International Neurological Journal 1 (31) 2010

Diagnosis and treatment of tics are one of the pressing problems of pediatric neurology. Tics (from the French “tic” - convulsive twitching) belong to hyperkinesis and are characterized by violent movements that manifest themselves in various muscle groups, most often in the facial muscles. Chronic tics are a more severe variant of the disease, in which, according to ICD-10 criteria, hyperkinesis occurs many times during the day, almost daily or intermittently, for 1 year or more.

Manifestations of tics in 1663 were described by W. Drage (cited by A. Lis [1]). Until the end of the 19th century, tics were considered as manifestations of one of the variants of chorea. The first clinical description of tics was made by Trousseau in 1873, although he also considered them as an incomplete variant of chorea (cited by H. Rickards [2]). JM Charkot considered tics as a mental illness masquerading as a bodily form (cited from [3]), and instructed his student G. Gilles de la Tourette to study the group of hyperkinesis in more detail. In 1884-1885. the latter noted that tics are characterized by onset in childhood, occur more often in men, have a wave-like course, and more often affect the face and hands (cited by A. Lis [1]).
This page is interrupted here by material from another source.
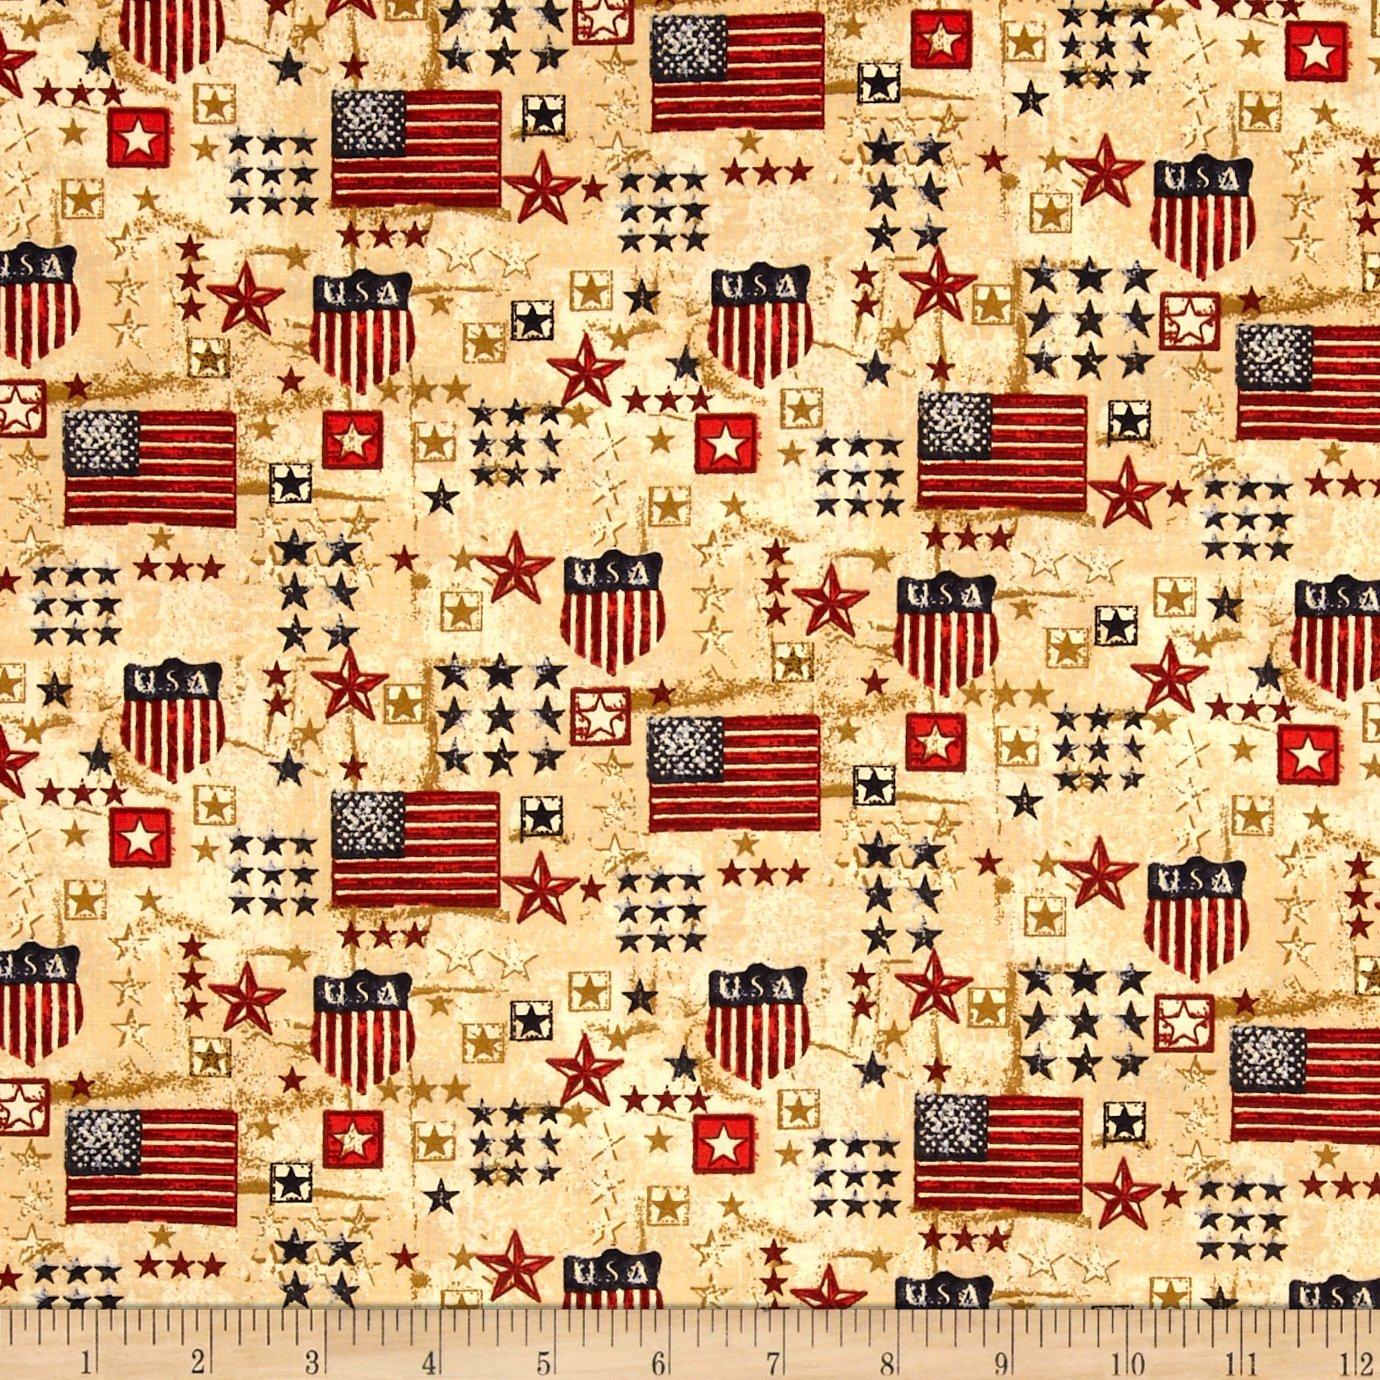 Stars & Stripes II USA Flags & Stars Red/Gold/Blue Fabric stars
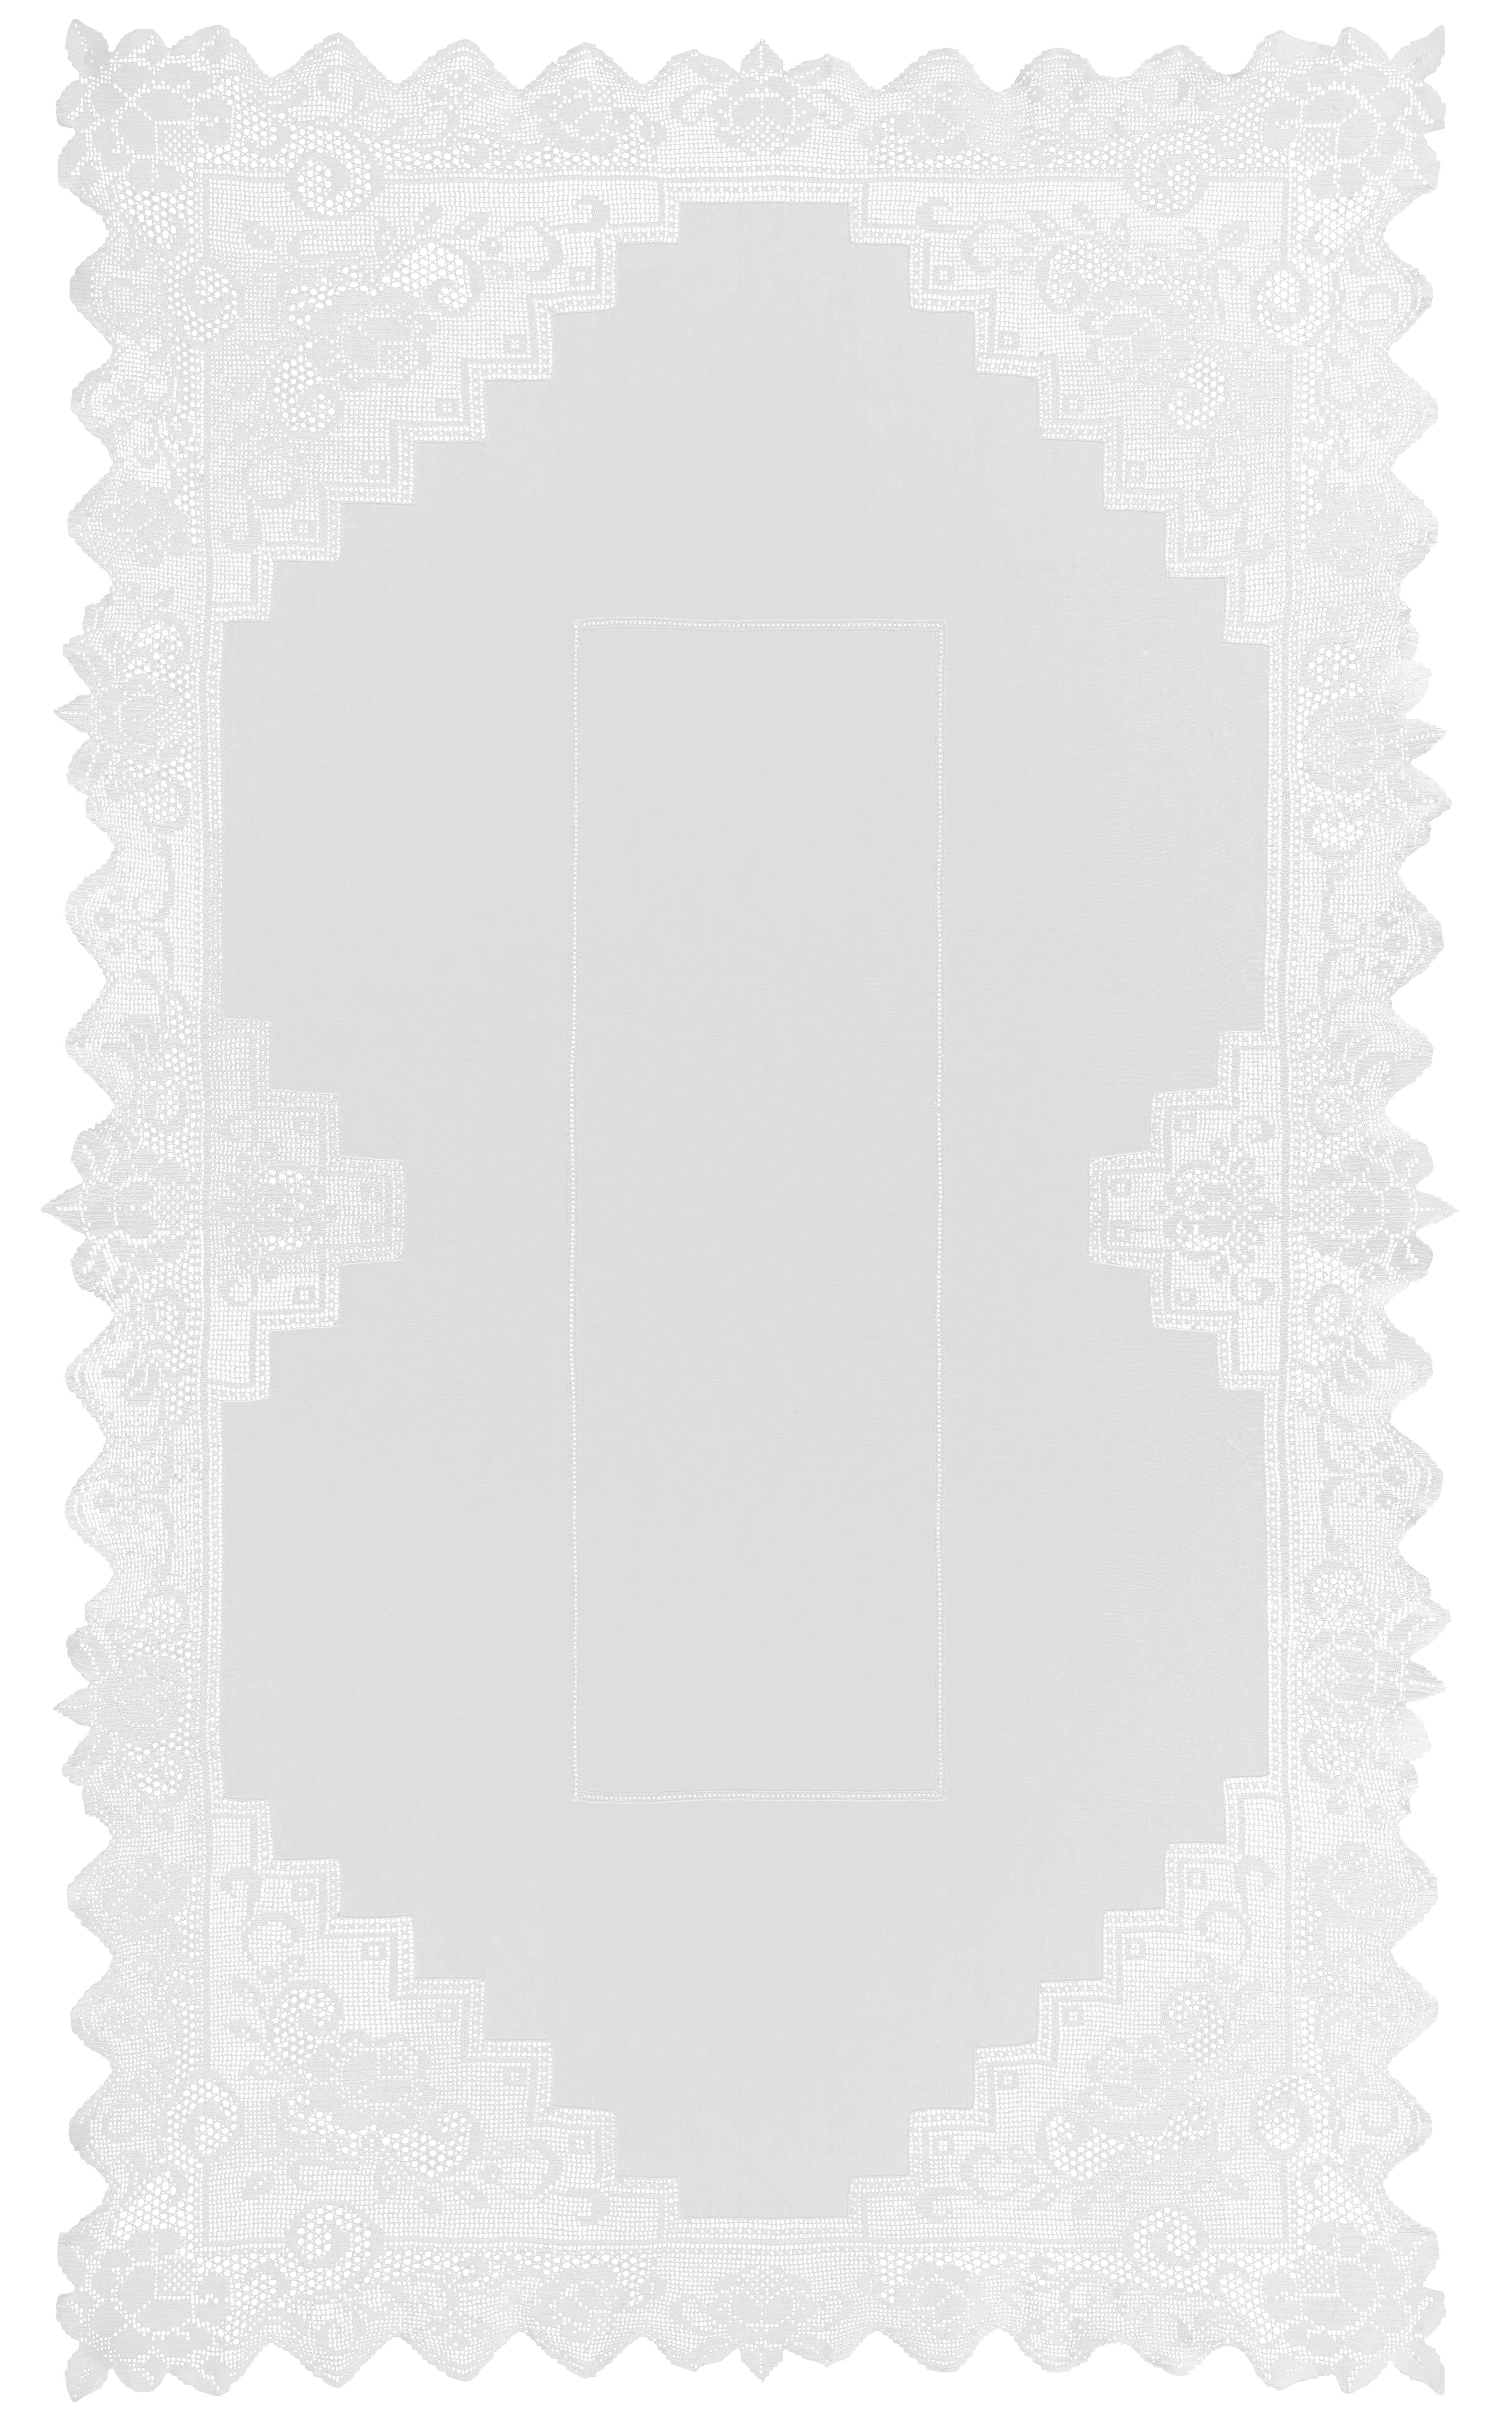 Tischdecke Constance 220x130cm - Weiß, KONVENTIONELL, Textil (220/130cm) - MÖMAX modern living

Tics are a common disease, especially in childhood. Thus, S. Amiri et al. [4] found vocal tics in 3.2% of Iranian schoolchildren and motor tics in 7.3%. According to L. Scahill et al. [5], transient tics occur in 20% of children. On average, 3-4% of children in the population suffer from a chronic form of the disorder [6]. According to E. Cubo et al. [7], chronic tics occur in Spain in 6% of children, while Brazilian authors H. Alves and E. Quagliato [8] provide information about the occurrence of this disorder in 2.3% of cases, and S. Yang et al. [9] note this pathology in Chinese children in 1.2% of cases. D. Cath et al. [10] believe that in 90% of cases, tics begin between the ages of 3 and 15 years, and M. Robertson [11] limits this time to 4-8 years. According to our observations [12], the average age of onset of tics is 6.7±2.1 years. Moreover, the average age of onset of transient tics is 7.9±1.9 years, and the average age of onset of chronic tics is 5.8±1.6 years, which indicates that an earlier age of onset of tics is a prognostically unfavorable sign.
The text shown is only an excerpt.